There was a problem hiding this comment.
Thank you for your response and sorry for taking the discussion out of the PR comments. I thought of it being more a fundamental question, but I will answer now inside the comments. I hope its not too confusing.
Do I understand correctly that what you are proposing basically means that I should revert the typing changes to their original state while keeping the internal changes? This way the default use case of pandantic - validating against BaseModel types - stays fully intact and type checked. Under the hood though, through the use of the TypeAdapter, more complex validation will be possible.
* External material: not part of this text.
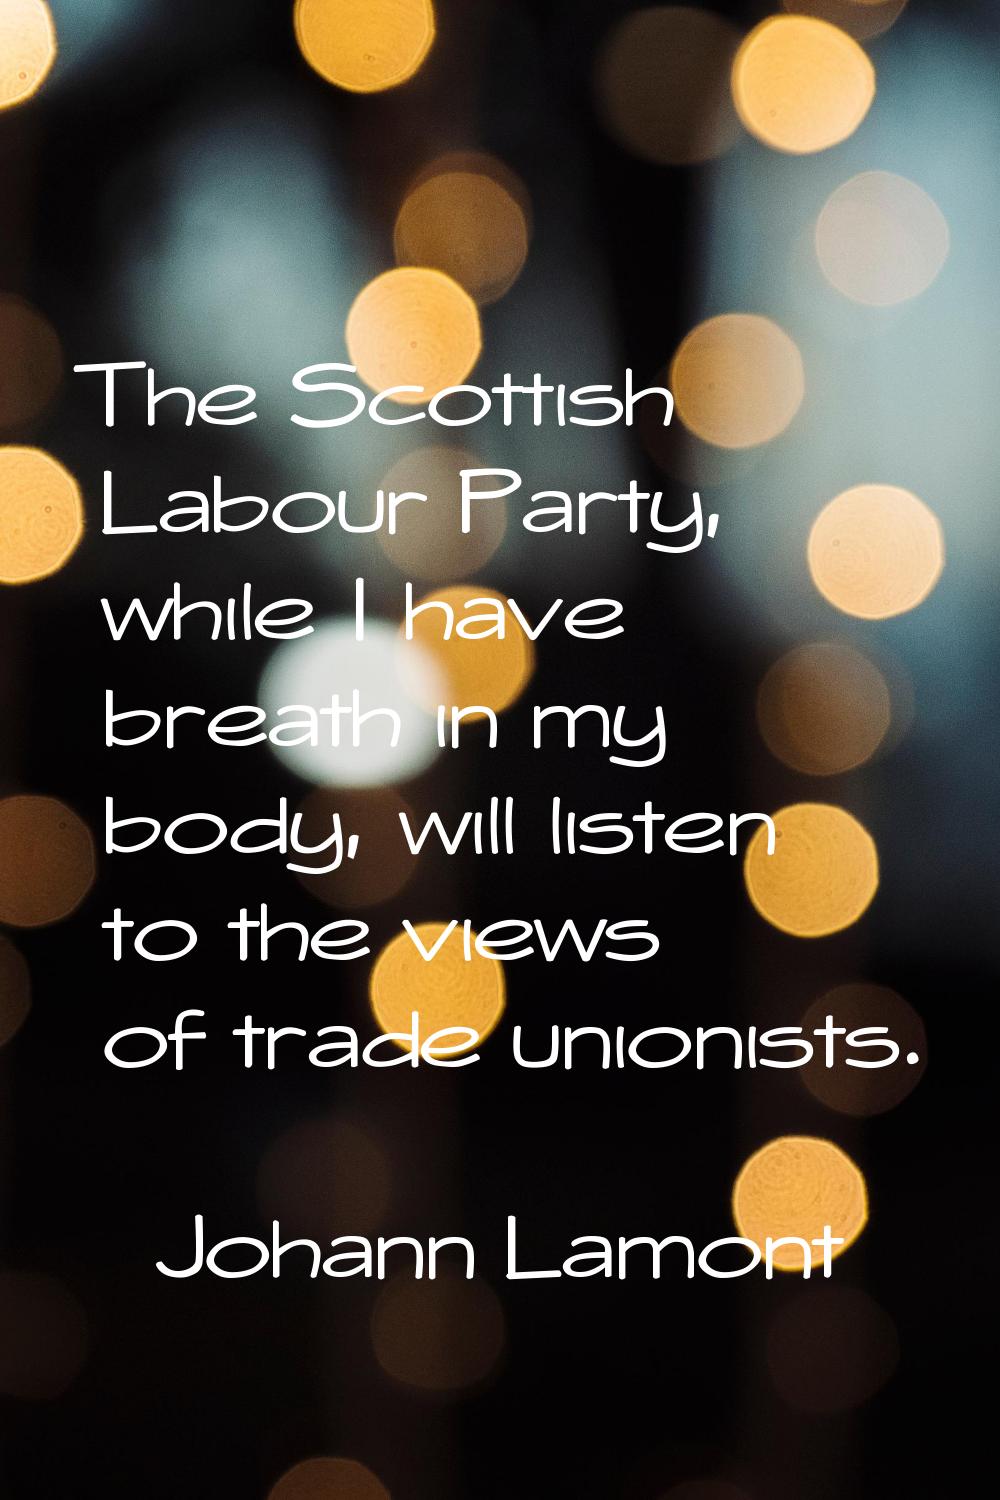 The Scottish Labour Party, while I have breath in my body, will listen to the views of trade unioni

For my use case, this would mean that if I want to leverage these more complex schemas, I would need to either use # type: ignore or cast, because there is no way to express all possible valid Pydantic schemas explicitly in static typing (hence the reliance on Any at runtime).
Thank you already 😃
There was a problem hiding this comment.
Btw on vacation right now will respond next week!
There was a problem hiding this comment.
Hi @xaviernogueira I hope you had a great vacation. I kinda forgot about the PR as well. Do you have any news or novel ideas though concerning the remaining points?
There was a problem hiding this comment.
@benbuc its all good, did slip thru.
For a data science oriented library, I stand by my view that :
- the function signature should be informative as possible such that someone using JupyterLab with lower software engineering skills (analyst, scientist, etc) can leverage the LSP to understand things reasonably well without docs.
- If it is included in the typehint, the function should work.
Anyis far to broad for this heuristic to work.
That said, I do see your concern, and I don't want people to have to use # type: ignore as it could lead to missing other errors on the same line. At first I thought maybe BaseModel | Any is a good compromise (maintains some LSP type hinting without forcing ignores).
However I think the better strategy is:
SchemaType = typing.TypeVar("SchemaType", bound=BaseModel)
# make the validation func return the TypeAdaptor (perhaps rename to "get_adapter"
def _validate_schema_type(self, schema: Any) -> TypeAdapter[SchemaType]:
try:
return TypeAdapter(schema)
except Exception:
...
# use the func to get the adaptor in other cases
valid_schema: ValidSchema = self._validate_schema_type(schema: Any)
schema_validator = CoreValidator(schema)
# where CoreValidator __init__ takes TypeAdapter[SchemaType]Haven't done all the linting here, but I do believe this should work fine, you may need to change things slightly, but I do think a TypeAdapter + TypeVar is the exact thing you are looking for.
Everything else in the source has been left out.